Second, we perform the decomposition and transform the movie data at the same time. The result will be a matrix with one record per movie, and one column per latent feature.

In [None]:
movies_decomp = model_nmf.fit_transform(ratings_table_use.as_matrix())

In [None]:
movies_decomp.shape

In [None]:
movies_decomp

Now, let's try to understand the latent features. We'll start by producing a heatmap that shows how movies load on the 50 latent features.

In [None]:
heatmap = plt.pcolor(movies_decomp[1:50,:])

Lots more variation than we got with the autoencoder.  Next, let's try to find the movies that load most heavily on each of the latent featres.  We'll use a very similar function to what we used with the autoencoder.

In [None]:
movies_decomp_df = pd.DataFrame(data=movies_decomp,index=ratings_table_use.index) 

In [None]:
def interp_feature_nmf(feature_num, top_n):
    
    # First, get the top_n movie ID's for this node
    top_n_movies = movies_decomp_df.ix[:,feature_num].sort_values(ascending=False)[:top_n].index.values
    
    # Second, find the movie names corresponding to those movieIDs
    print(movies.ix[top_n_movies,0])

In [None]:
for feature_num in range(50):
    print("Feature " + str(feature_num))
    interp_feature_nmf(feature_num,10)
    print("\n")

It looks like NMF is doing a better job than the autoencoder.  The most popular movies aren't popping up over and over, and there generally seems to be genre associated with some of the features.

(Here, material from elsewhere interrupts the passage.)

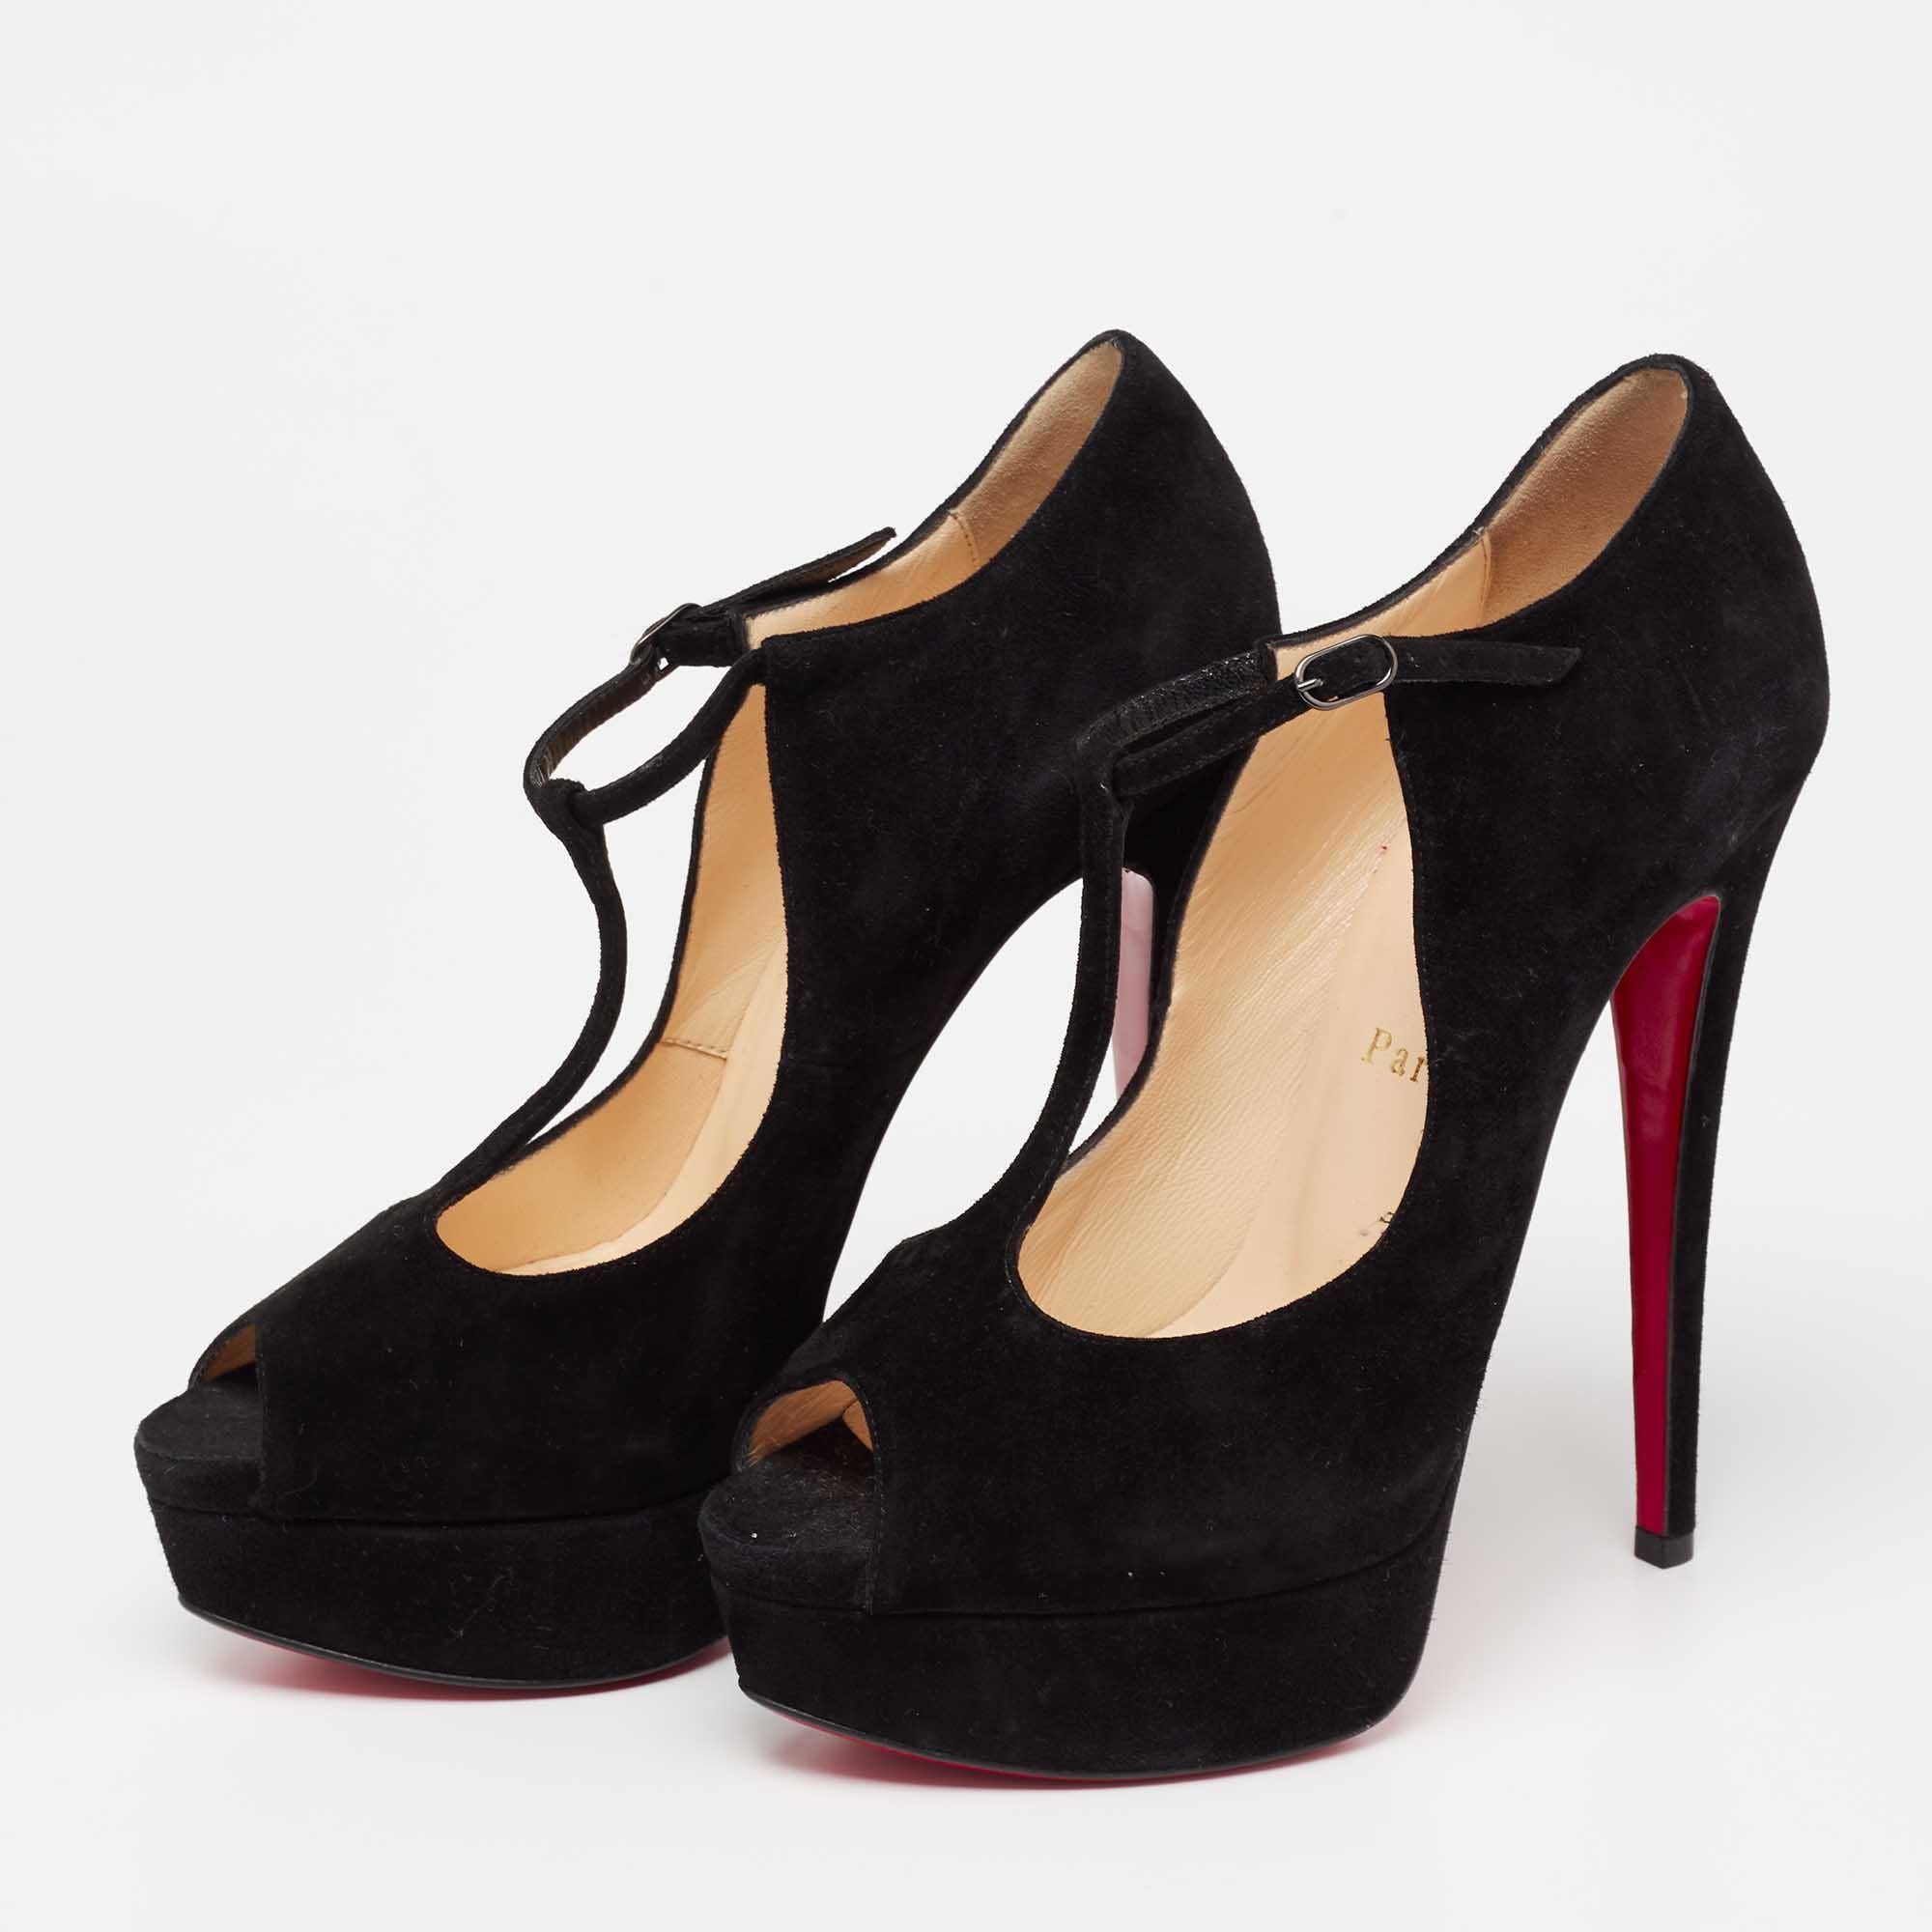 Christian Louboutin's feminine and classy pair of black T-strap pumps are made from smooth suede. The pair features a peep-toe style with peep-toes. The Alta Poppins pumps have comfortable leather-lined insoles. Pair this up with dresses for a dose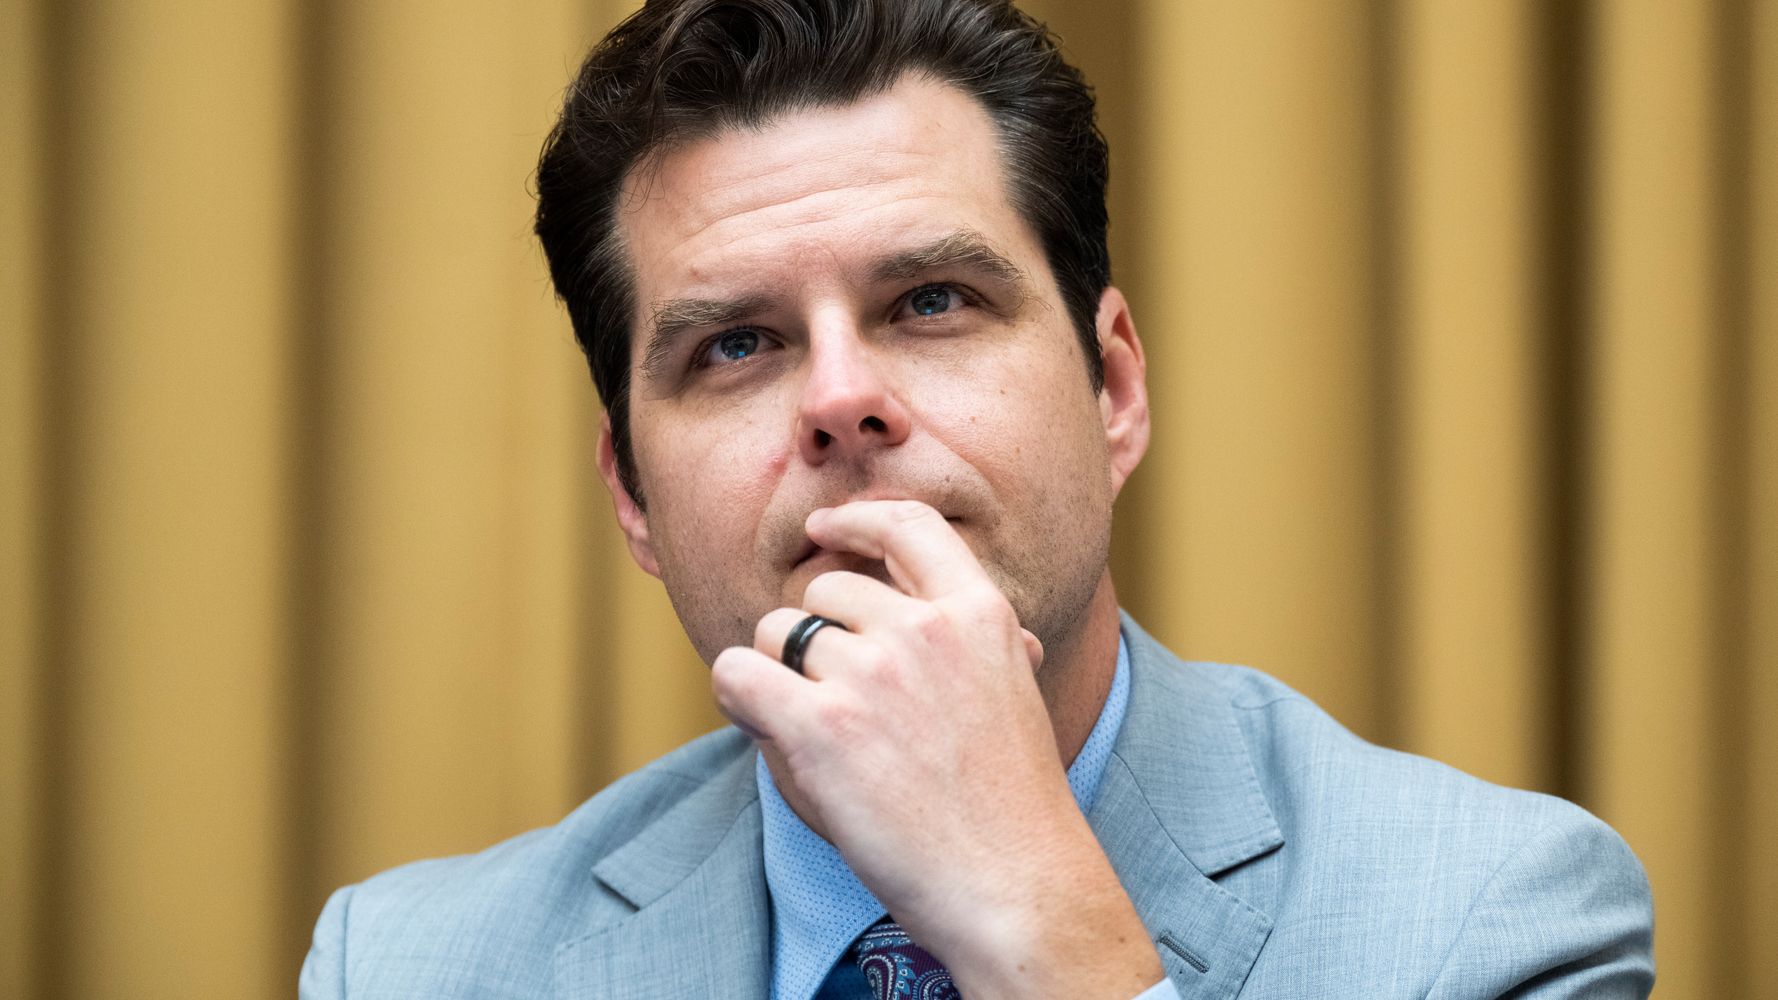 Report: Matt Gaetz Told Roger Stone ‘Big Guy’ Would Likely Get Him Off

We'll now repeat the t-SNE + k-Means analysis using the 50-dimensional latent representation for the movies.

In [None]:
k_mns_NMF = KMeans(n_clusters=num_clusters, n_init=10).fit(movies_decomp)

In [None]:
k_mns_NMF.labels_

In [None]:
TSNE_embed_NMF = TSNE(n_components=2, random_state=0)
TSNE_embed_NMF = TSNE_embed_NMF.fit_transform(movies_decomp)

In [None]:
TSNE_embed_NMF.shape

In [None]:
color=cm.rainbow(np.linspace(0,1,num_clusters))

fig = plt.figure()
fig.set_figheight(15)
fig.set_figwidth(15)
ax = fig.add_subplot(111)

for clust in range(num_clusters):
    ax.scatter(TSNE_embed_NMF[k_mns_NMF.labels_==clust,0],TSNE_embed_NMF[k_mns_NMF.labels_==clust,1], c=color[clust], label='Cluster '+str(clust))
    
plt.legend(loc='upper right')
plt.show()

In [None]:
# Re-run t-SNE projecting into 3 dimensions
TSNE_embed_3_NMF = TSNE(n_components=3, random_state=0)
TSNE_embed_3_NMF = TSNE_embed_3_NMF.fit_transform(movies_decomp) 

In [None]:
# Plot the movies in 3-d space
fig = plt.figure()
fig.set_figheight(15)
fig.set_figwidth(15)
ax = fig.add_subplot(111, projection='3d')
for clust in range(num_clusters):
    ax.scatter(TSNE_embed_3_NMF[k_mns_NMF.labels_==clust,0],TSNE_embed_3_NMF[k_mns_NMF.labels_==clust,1], TSNE_embed_3_NMF[k_mns_NMF.labels_==clust,2], c=color[clust], label='Cluster '+str(clust))
plt.legend(loc='upper left')
plt.show()

In conclusion, it seems like the NMF's latent features make more sense, but don't do as good of a job at separating the movies.  The autoencoder, at least from what we can tell from the t-sne representation, more clearly separates the movies, but the hidden nodes are harder to interpret.  In either case, we should continue refining our analysis.